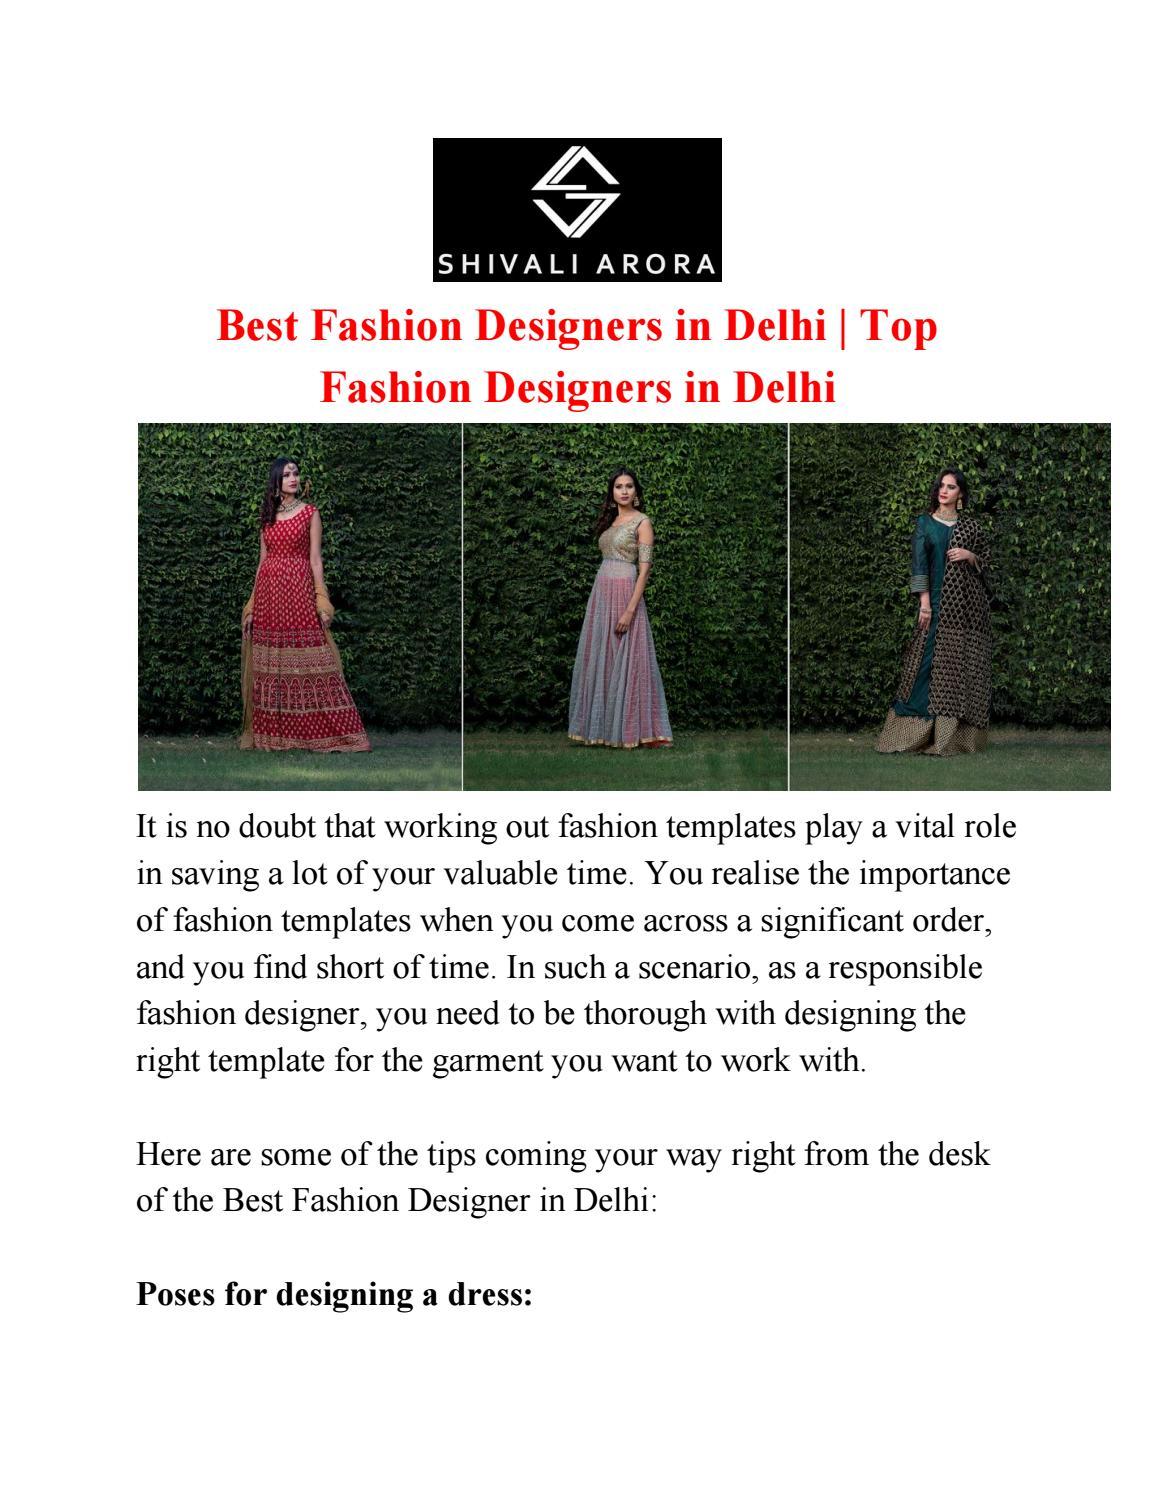 Best Fashion Designers In Delhi Top Fashion Designers In Delhi By Shivali Arora Issuu
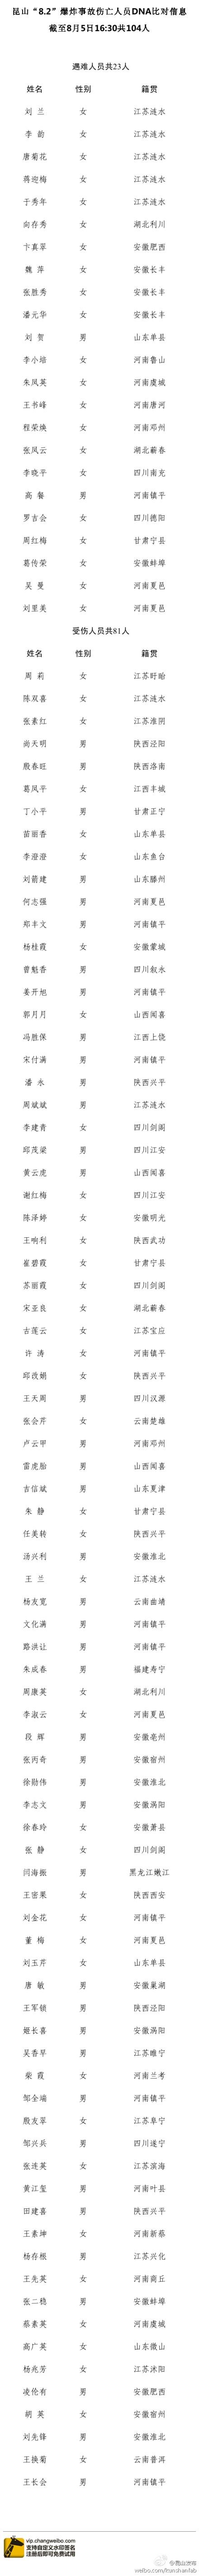 """中新网8月5日电昆山市政府新闻办5日通过微博发布""""8.2""""爆炸事故伤亡人员DNA比对信息。截至8月5日16时30分,已有23名遇难者确认身份。"""
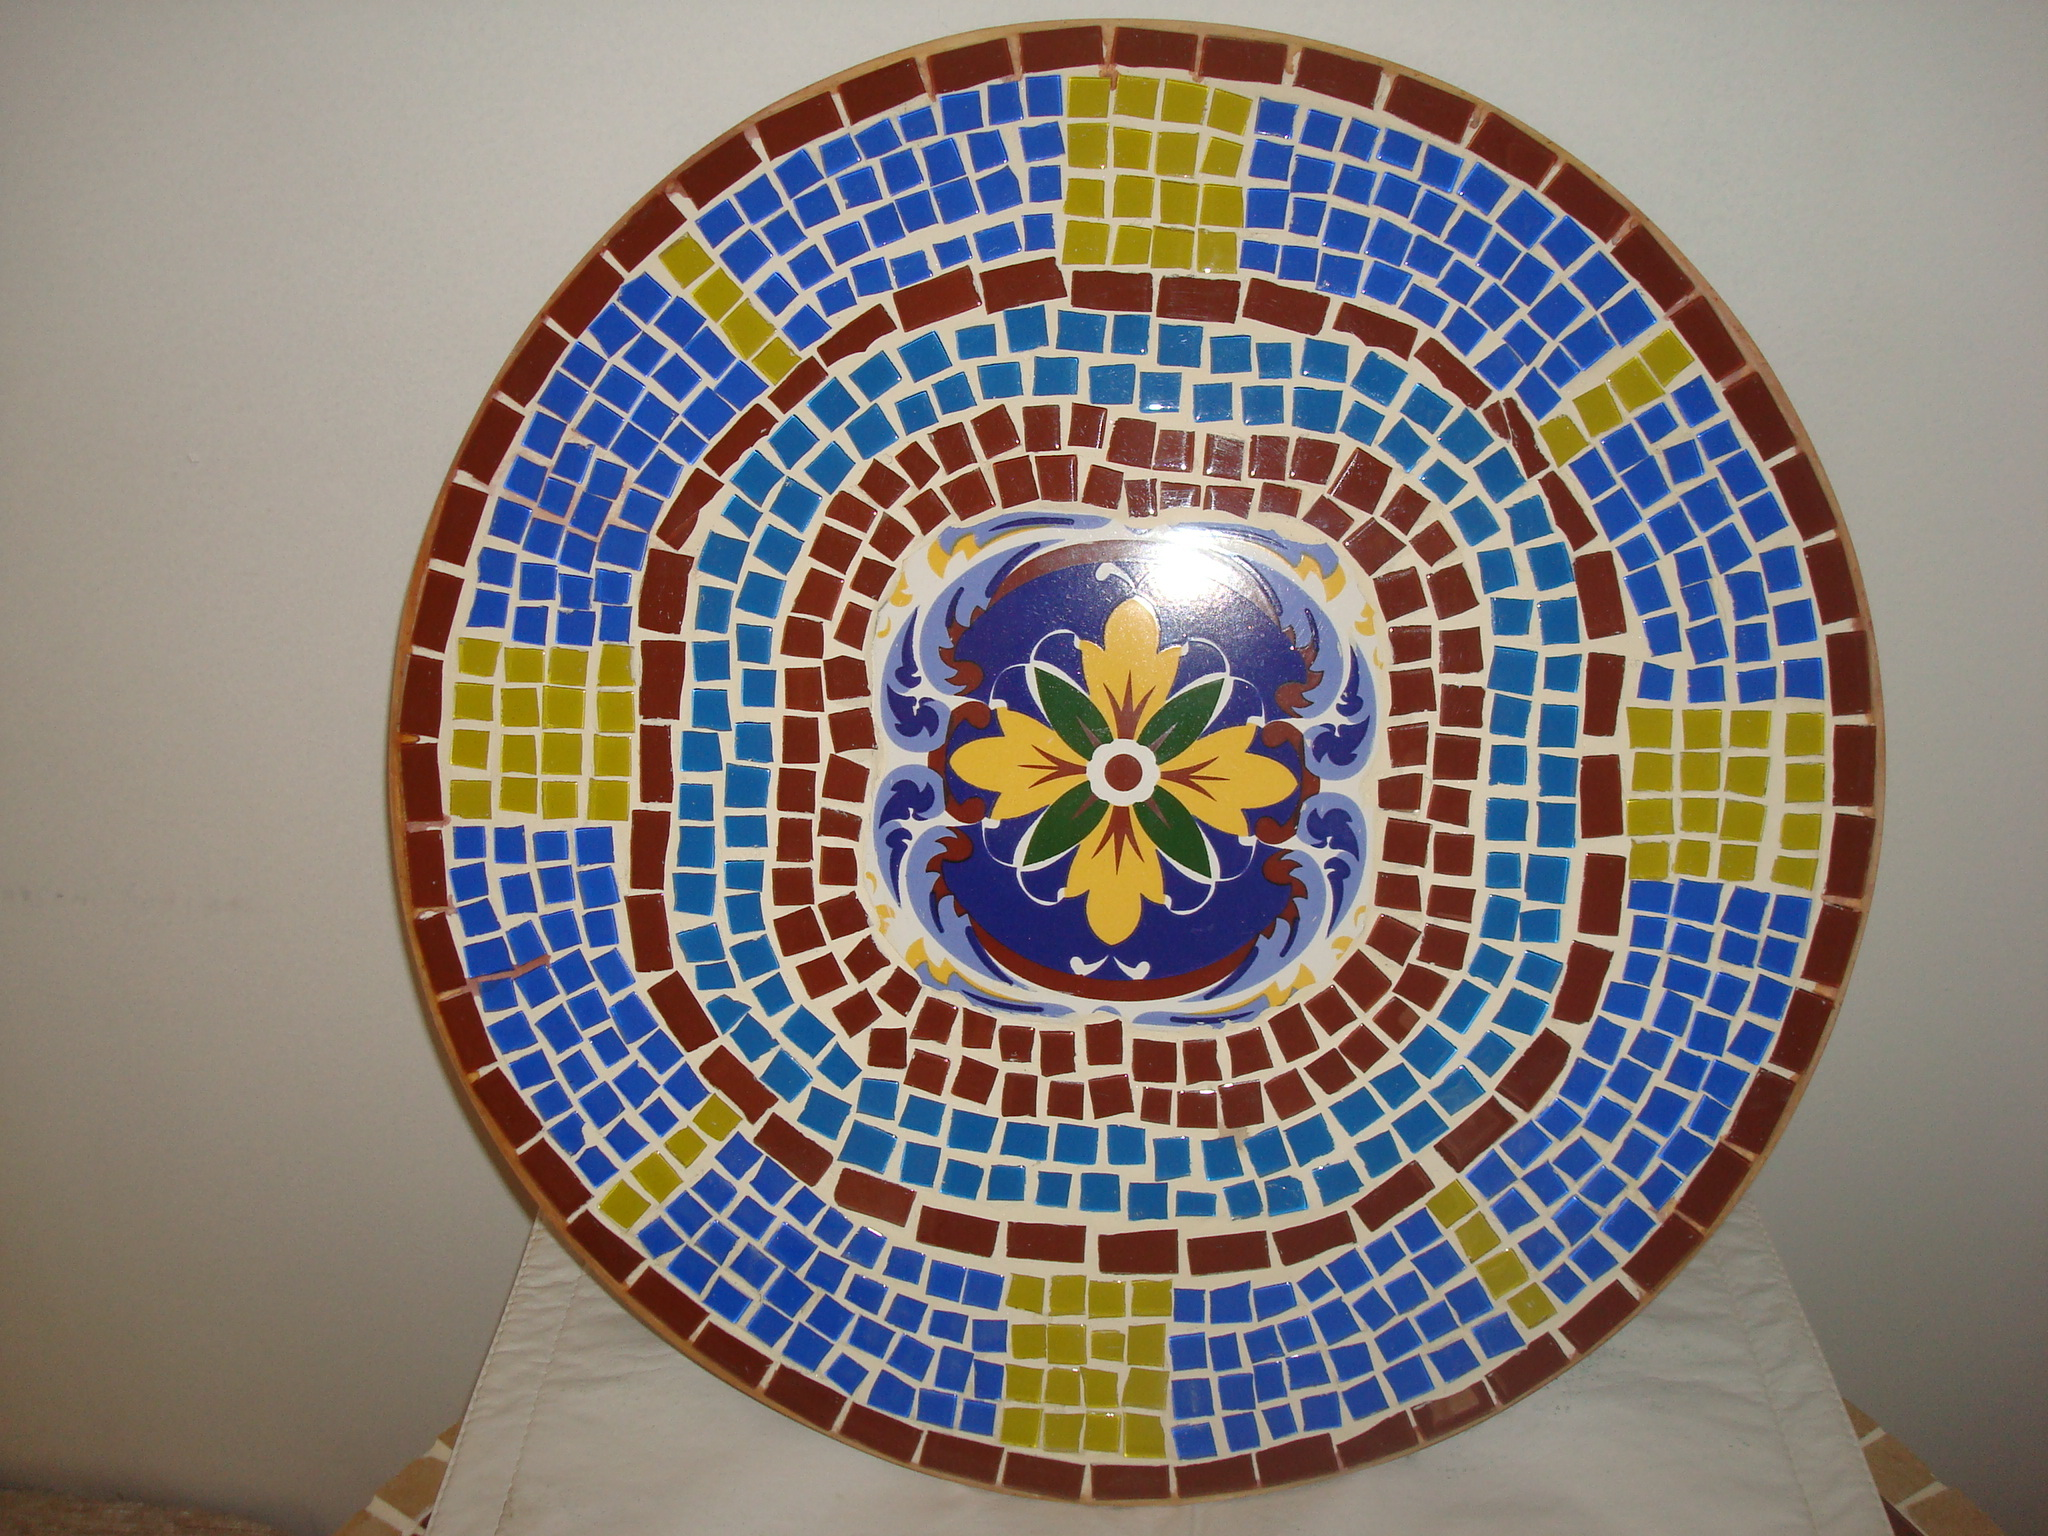 Prato girat rio em mosaico de azulejo m os em arte for Azulejo mosaico
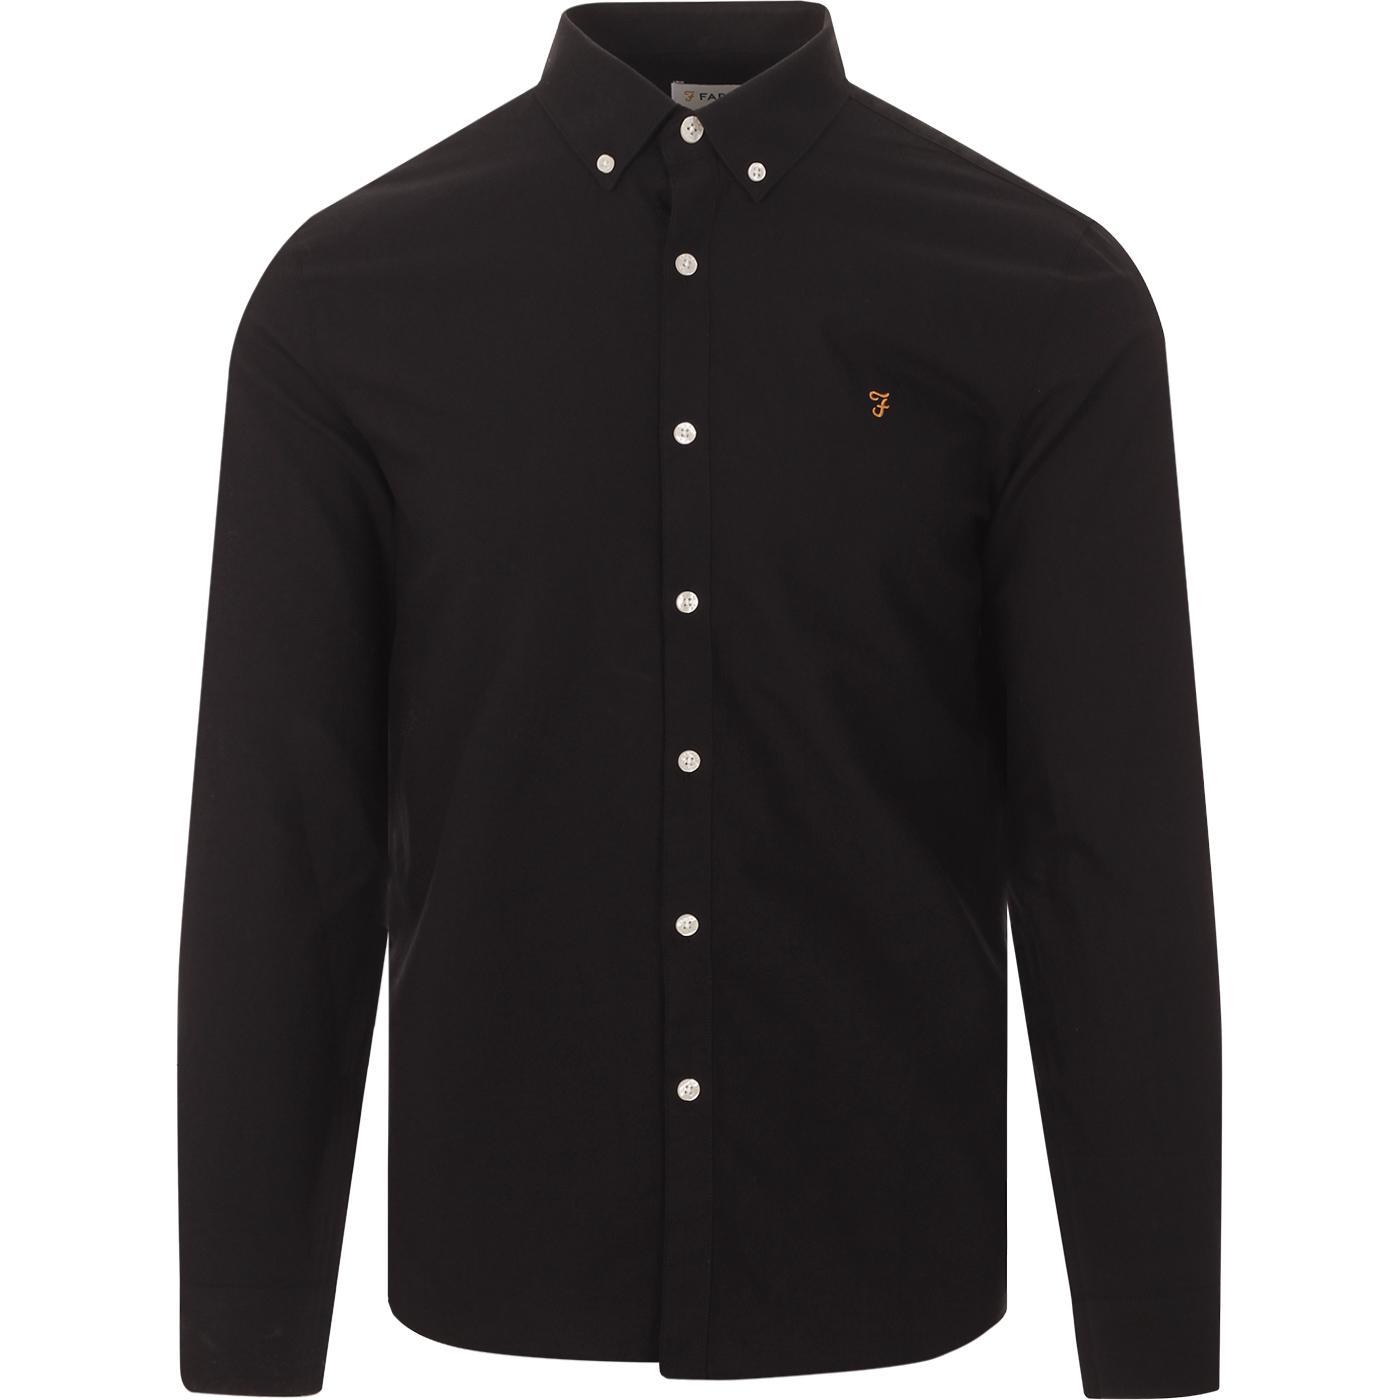 Brewer FARAH Slim Button Down Oxford Shirt (Black)
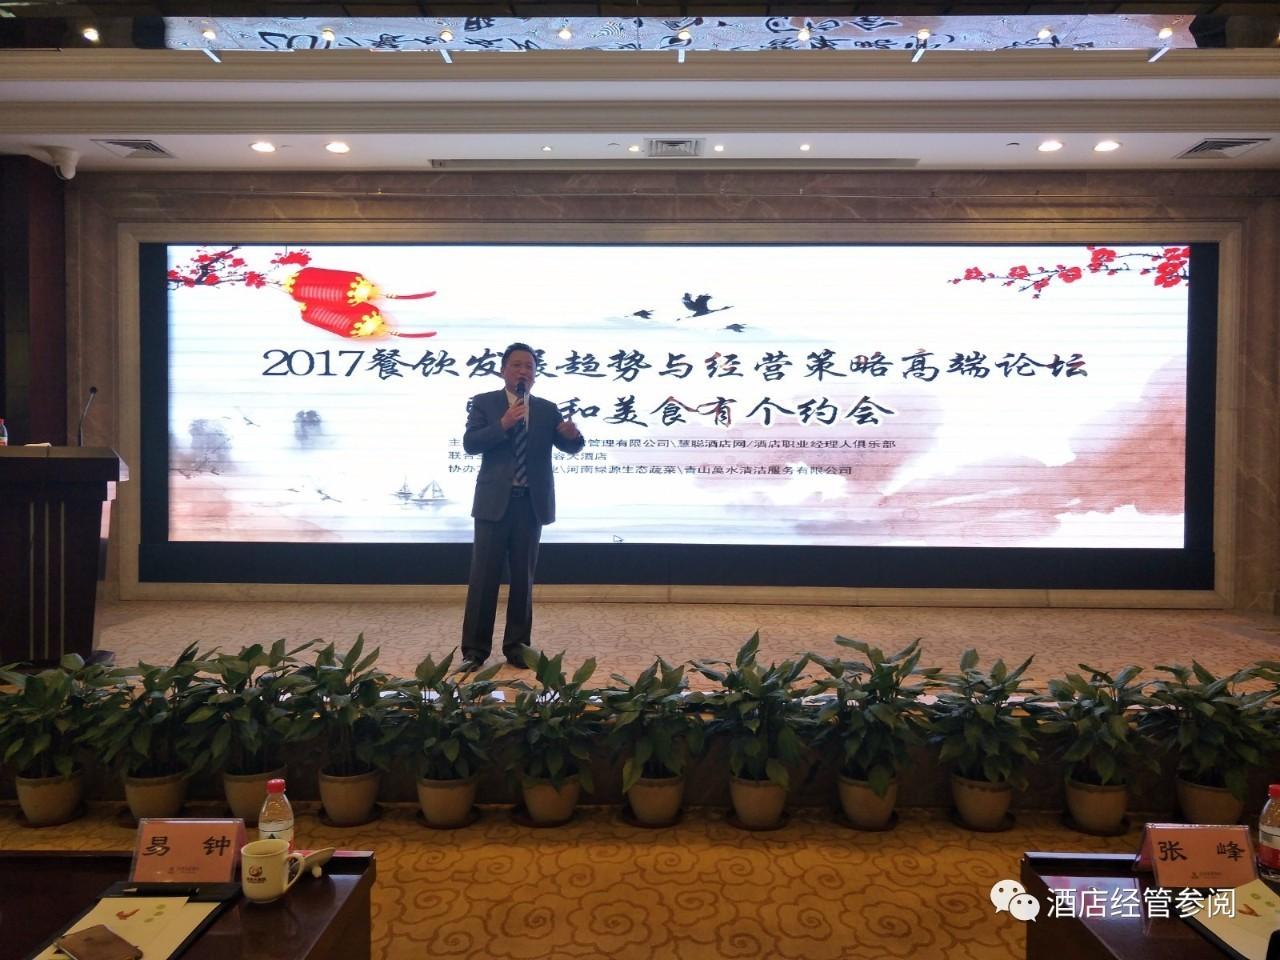 餐饮发展趋势与经营策略研讨在郑州赚钱举行音怎么抖图片

### Assignment
Without including any pictures, copy every line above exactly.

### Response to this task
 Best Fashion Designers In Delhi Top Fashion Designers In Delhi By Shivali Arora Issuu
 """中新网8月5日电昆山市政府新闻办5日通过微博发布""""8.2""""爆炸事故伤亡人员DNA比对信息。截至8月5日16时30分,已有23名遇难者确认身份。"""
 Prato girat rio em mosaico de azulejo m os em arte for Azulejo mosaico
 Brewer FARAH Slim Button Down Oxford Shirt (Black)
 餐饮发展趋势与经营策略研讨在郑州赚钱举行音怎么抖图片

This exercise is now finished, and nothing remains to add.